2. Model logging: The best model is logged with a signature and input example using mlflow.sklearn.log_model() (or the appropriate flavor).

3. Model registration: The model is registered in Unity Catalog with registered_model_name="catalog.schema.model_name". This creates version 1 in the registry.

4. Validation: The new version is assigned the "challenger" alias. Automated tests run — checking performance against a holdout set, verifying the signature, ensuring latency requirements are met.

5. Promotion: After passing validation, the alias is updated to "champion" via client.set_registered_model_alias(). The previous champion gets archived or becomes a fallback.

6. Serving: A Model Serving endpoint references the "champion" alias. When the alias changes, the endpoint automatically picks up the new model version. For batch use cases, a scheduled job uses spark_udf() with the "champion" alias.

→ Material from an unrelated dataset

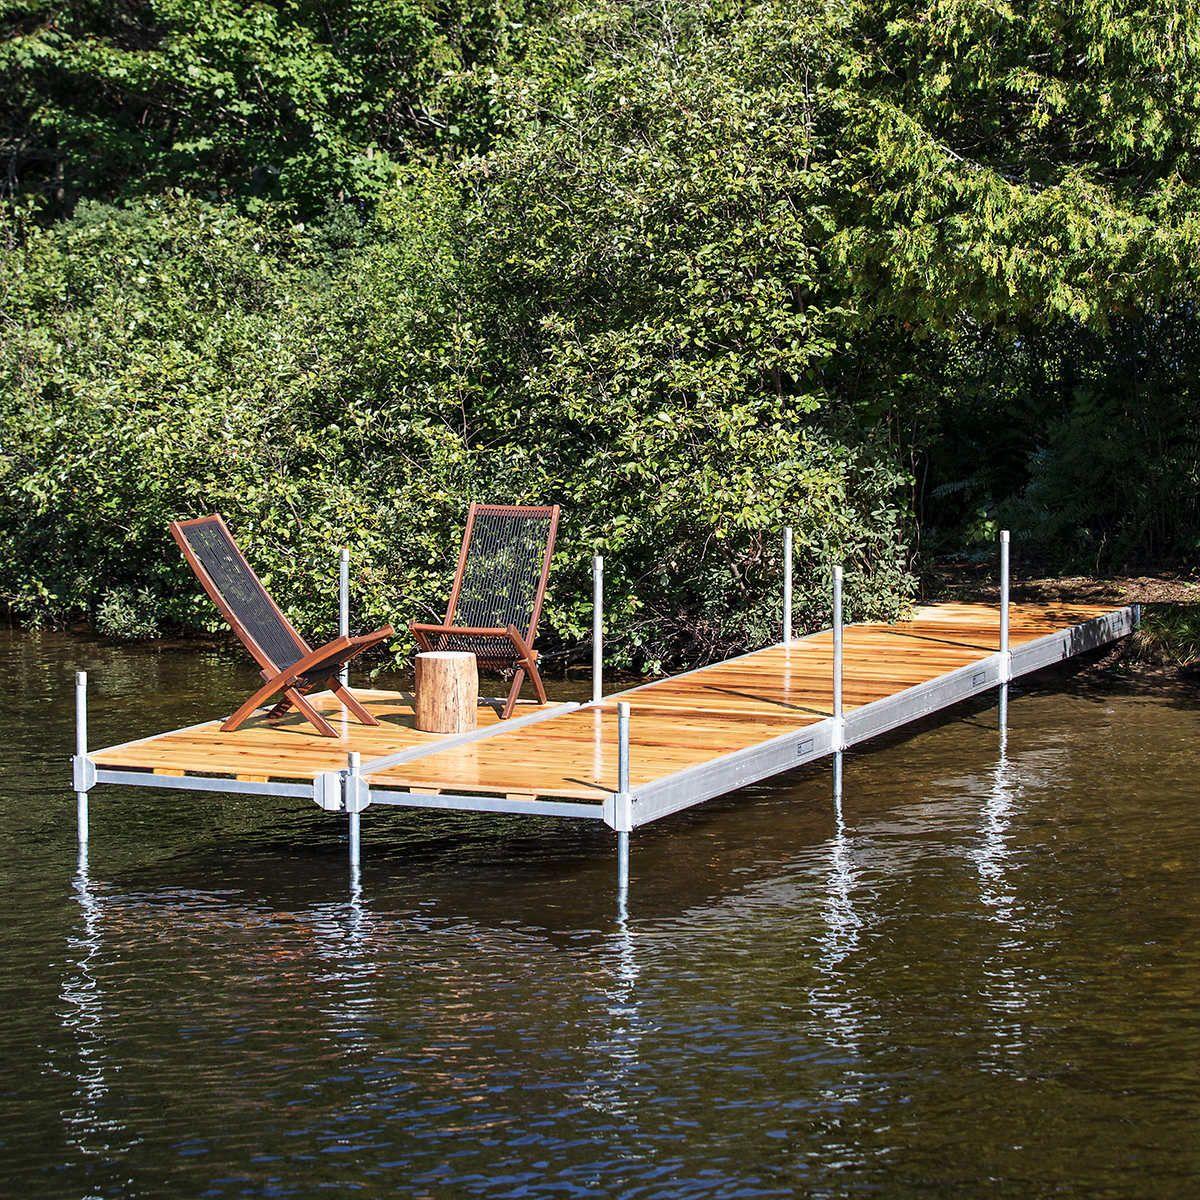 Multinautic 4 ft. x 8 ft. Aluminum Dock Kit Do It

7. Monitoring: Production metrics (latency, prediction distribution, data drift) are tracked. If degradation is detected, the team can roll back by reassigning the "champion" alias to a previous version.

Q: How would you implement A/B testing with MLflow model serving on Databricks?

Databricks Model Serving supports traffic splitting natively. You configure a serving endpoint with multiple model versions and assign a percentage of traffic to each:

1. Register your new model version (v2) alongside the current production version (v1).
2. In the serving endpoint configuration, set traffic routing: e.g., 90% to v1 (champion), 10% to v2 (challenger).
3. The endpoint returns a header indicating which model served each request, allowing you to join predictions with outcomes.
4. After collecting enough data, run a statistical test (chi-squared for classification, t-test for regression) comparing conversion rates or accuracy metrics between v1 and v2.
5. If v2 wins, gradually increase its traffic to 50%, then 100%. If it loses, remove it and archive that version.

Alternatively, for batch A/B testing, score users with both models using spark_udf(), write both predictions to a table, and randomly assign which prediction to show to each user.

Q: What is training-serving skew and how does the Databricks Feature Store prevent it?

Training-serving skew occurs when the features used during model training differ from the features used during production inference. Common causes include: different SQL joins, different aggregation windows, timezone mismatches, stale cached features, or subtle data type differences between the training notebook and the serving pipeline.

The Feature Store prevents this by making features a single source of truth. When you train a model using FeatureLookup, MLflow records which feature tables and keys were used. At serving time, the model endpoint automatically fetches features from those same Unity Catalog tables using the same primary key lookup. This eliminates the "two different codepaths" problem entirely — both training and serving execute the same feature retrieval logic against the same governed tables.

Q: How do you handle model rollback if a production model starts degrading?

With Unity Catalog Model Registry, rollback is fast and safe:

1. Detection: Monitor prediction distributions, latency, and business metrics (conversion rate, error rate). Set up alerts for drift using Databricks Lakehouse Monitoring or custom checks.
2. Immediate rollback: Reassign the "champion" alias to the previous known-good version: client.set_registered_model_alias("catalog.schema.model", "champion", previous_version). For serving endpoints, this takes effect within seconds — no redeployment needed.
3. For batch jobs: Since spark_udf() resolves the alias at runtime, the next batch run automatically uses the rolled-back version.
4. Root cause analysis: Compare the degraded model's training data, feature distributions, and parameters against the previous version. Check for data drift in upstream tables, schema changes, or recent feature store updates.
5. Prevention: Implement automated validation gates — before promoting any new model to "champion," run it against a holdout set and verify performance meets a minimum threshold. Use Databricks workflows to automate this check.